Six Years After Deadly Police Chase, Georgia High Court Limits Insurer’s Obligation

The headlines in 2016 provoked an outcry across Georgia: A man stole a car near the Atlanta airport, fled from police in a high-speed chase, then crashed into another vehicle, killing a woman and her two grandchildren.

Six years later, the resulting negligence lawsuit against the city of College Park and its police department has finally come to a conclusion. The Georgia Supreme Court on Tuesday overturned an appeals court and held that the city’s insurance company should have to pay no more than $700,000 to the victims’ family.

The plaintiffs had sought $5 million, the limits of a city insurance policy written by Atlantic Specialty Insurance Co. But the high court said that state law granted the city sovereign immunity for most of the damages and the insurance policy did not negate that.

“Because the Court of Appeals incorrectly ruled that the City’s insurance policy increased the sovereign immunity waiver notwithstanding the immunity endorsements, which expressly preclude coverage when a sovereign immunity defense applies, we reverse,” Chief Justice David Nahmias wrote in the opinion.

Georgia law waives sovereign immunity up to $700,000. But the family’s attorneys argued that state law also states that when local governments purchase liability insurance, the waiver is increased to the extent of the policy limits.

Atlantic Specialty, based in Minnesota, intervened in the suit and argued that the immunity endorsement in the policy limited the insurance payout.

“We have no duty to pay ‘damages’ on your behalf under this policy unless the defenses of sovereign and governmental immunity are inapplicable to you,” the endorsement reads, as quoted by the court.

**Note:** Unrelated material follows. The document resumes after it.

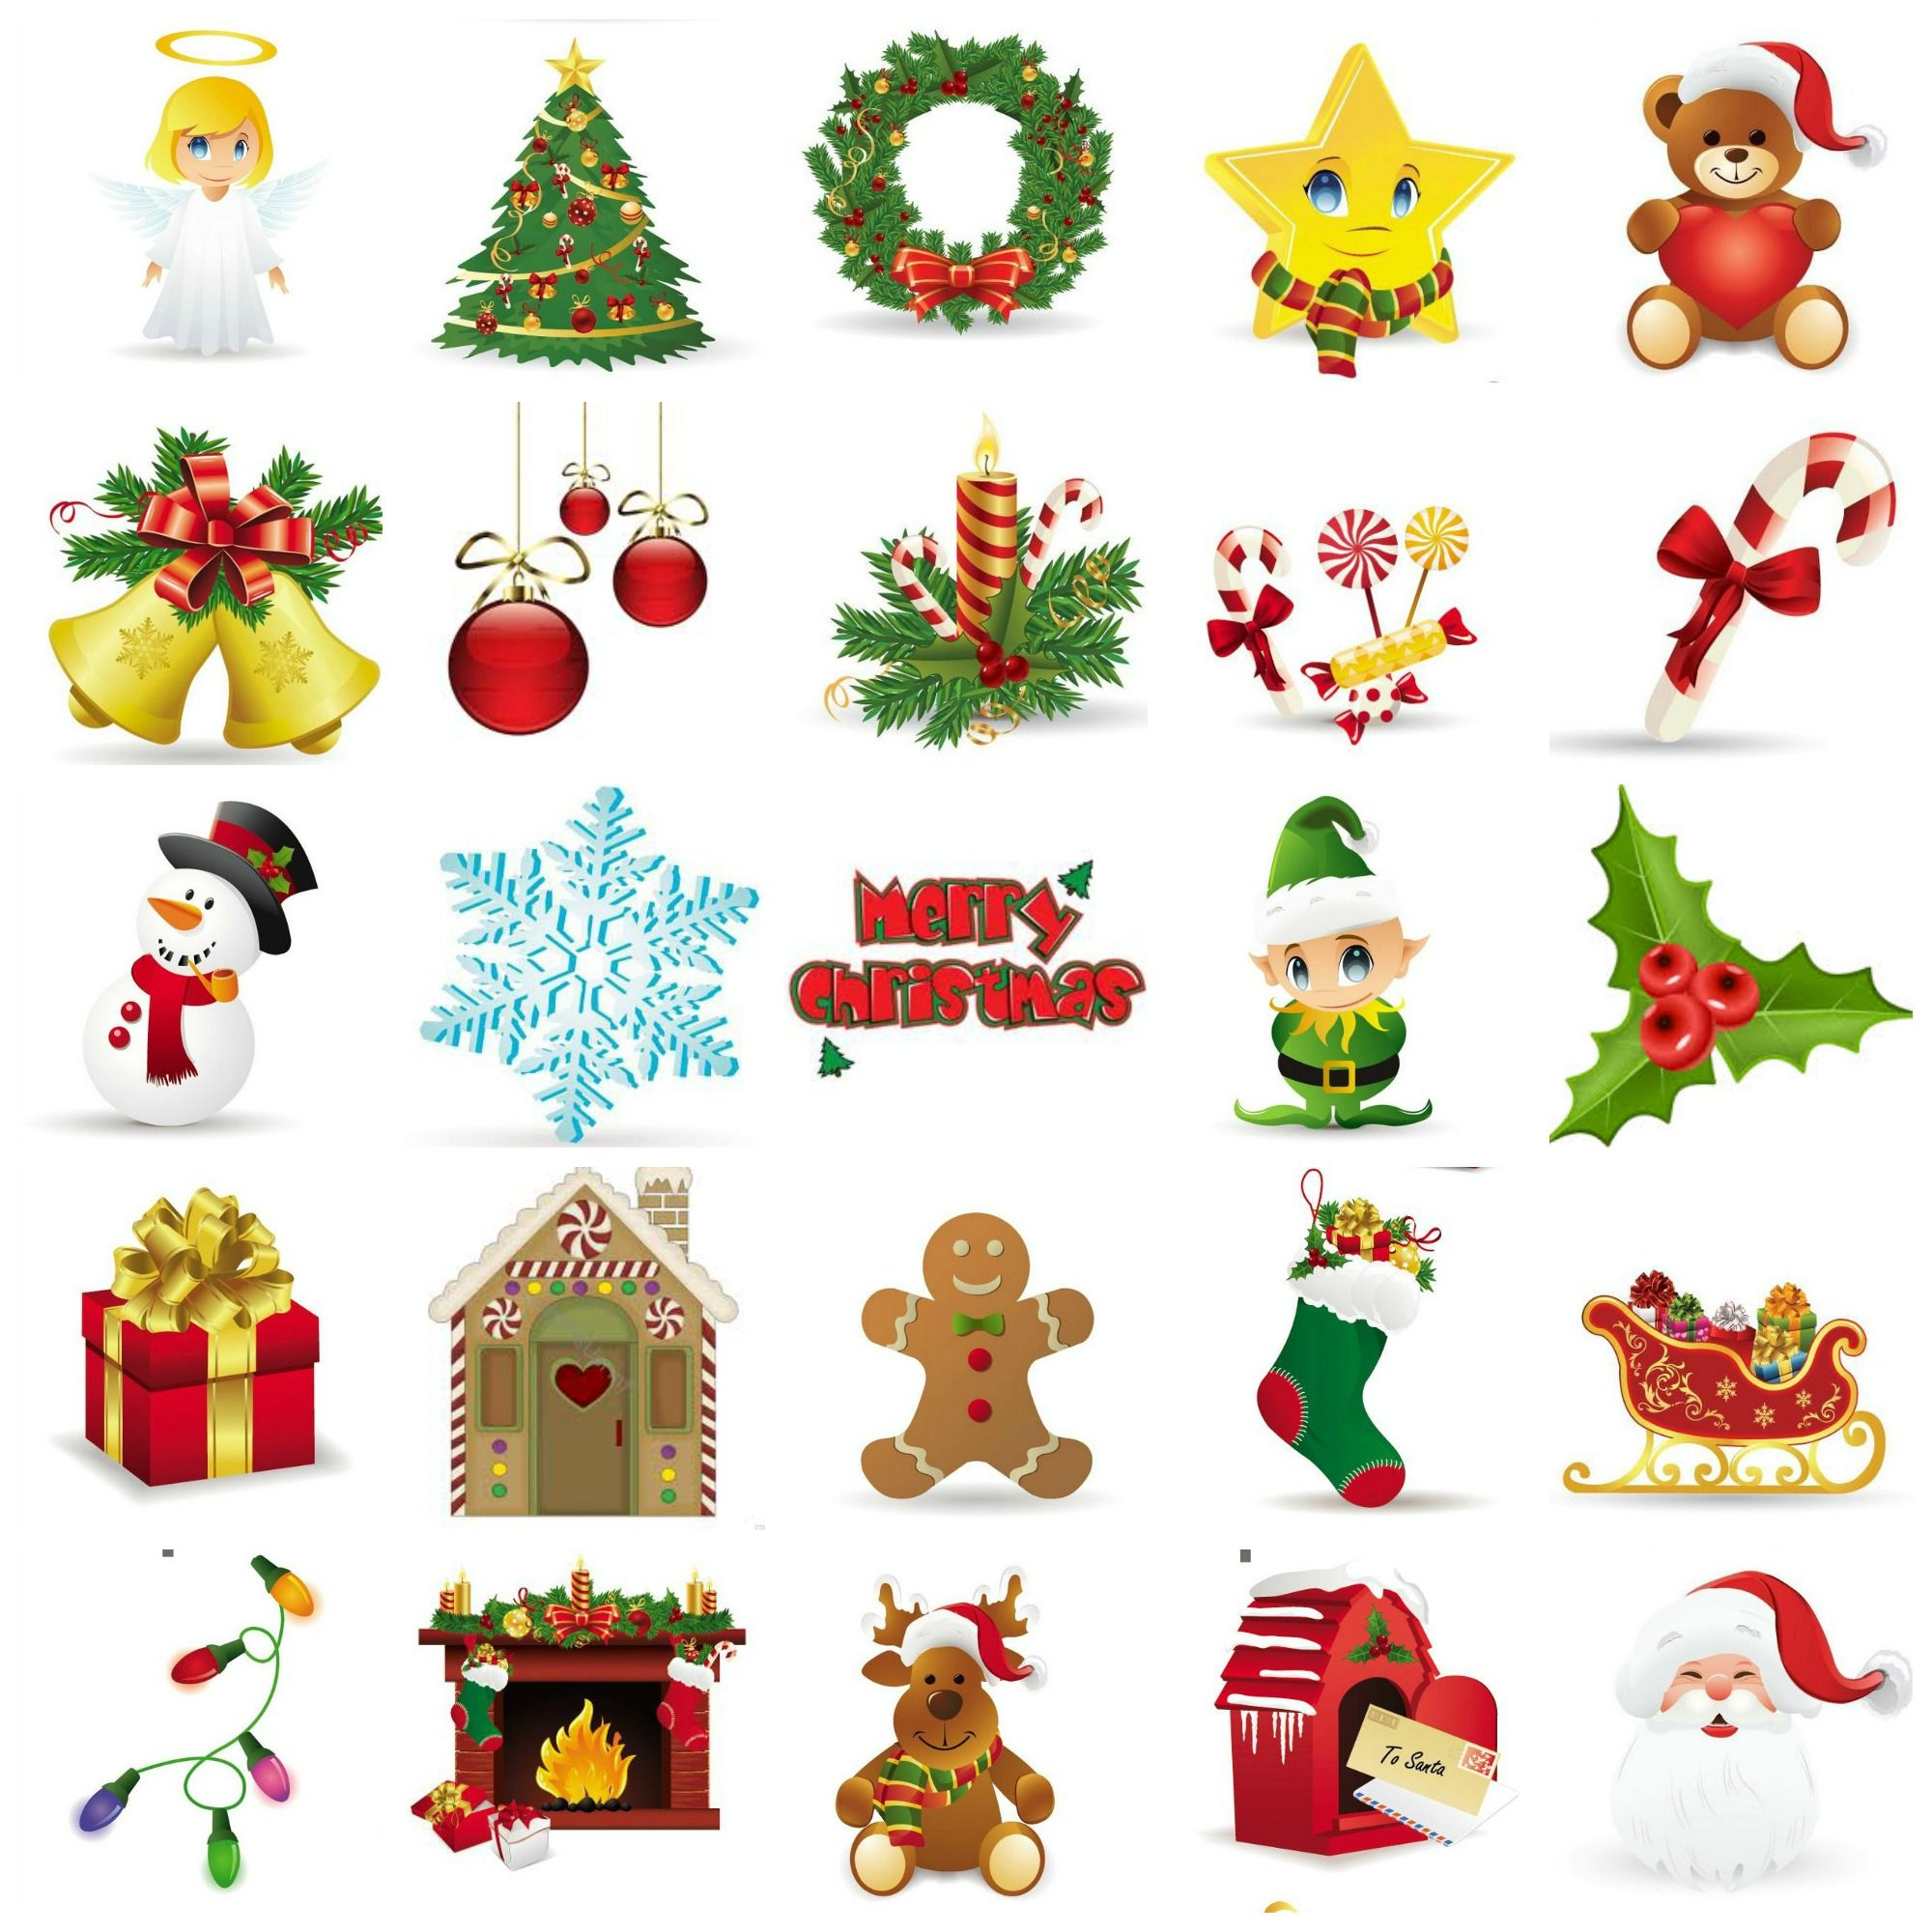 Christmas Bingo Free Printables Toys In The Dryer Free Printable Holiday Cards Printable Holiday Card Christmas Cutouts

Another section reads: The policy “does not constitute, nor reflect an intent by [the City], to waive or forego any defenses of sovereign and governmental immunity available to any insured, whether based upon statute(s), common law or otherwise, including Georgia Code Section 36-33-1, or any amendments.”

The plaintiffs contended that the immunity endorsements should be voided because they are contrary to public policy.

The trial court and the appeals court agreed with the family. The Georgia legislature’s intent was to protect the public “by waiving the sovereign immunity of local government entities with respect to claims for the negligent use of a motor vehicle and establishing the limits of the amount of the waiver in the event the government entity purchases liability insurance,” the Court of Appeals noted in 2020.

In other words, granting full immunity to local police who engage in reckless chases would leave victims with little compensation, and Altantic Specialty’s argument ran counter to the General Assembly’s clear legislative intent, the appeals court said.

But the Supreme Court decided that, under the law, immunity above $700,000 is waived only when the city purchases insurance in excess of $700,000 for the type of claim at issue.

“The Court of Appeals misinterpreted OCGA ยง 36-92-2 (d) (3) to mean that the purchase of liability insurance in excess of the statutorily prescribed limit in subsection (a) waives sovereign immunity to the limit of the insurance purchased for any sort of claim,” the high court wrote. “But an insurance policy does not normally provide blanket coverage for any and all claims.”

The court concluded that because of the immunity endorsements in the city’s policy, “the City did not purchase insurance coverage for the Plaintiffs’ asserted claims above the applicable automatic sovereign immunity waiver of $700,000.”

All justices concurred in the opinion.

The man who stole the car in 2016 and allegedly caused the crash was only recently charged. Diontre Tigner was 16 at the time of the collision. News reports said that he walked away from the scene and somehow eluded arrest for six years, despite being on probation for another crime.

Tigner was arrested Dec. 23 and was arraigned in court on Jan. 26, according to local news reports.

Killed in the crash were 75-year-old Dorothy Wright, her 12-year-old grandson Cameron Costner, and her 6-year-old granddaughter Layla Partridge. The family held a memorial service last month on the sixth anniversary of the fatal incident.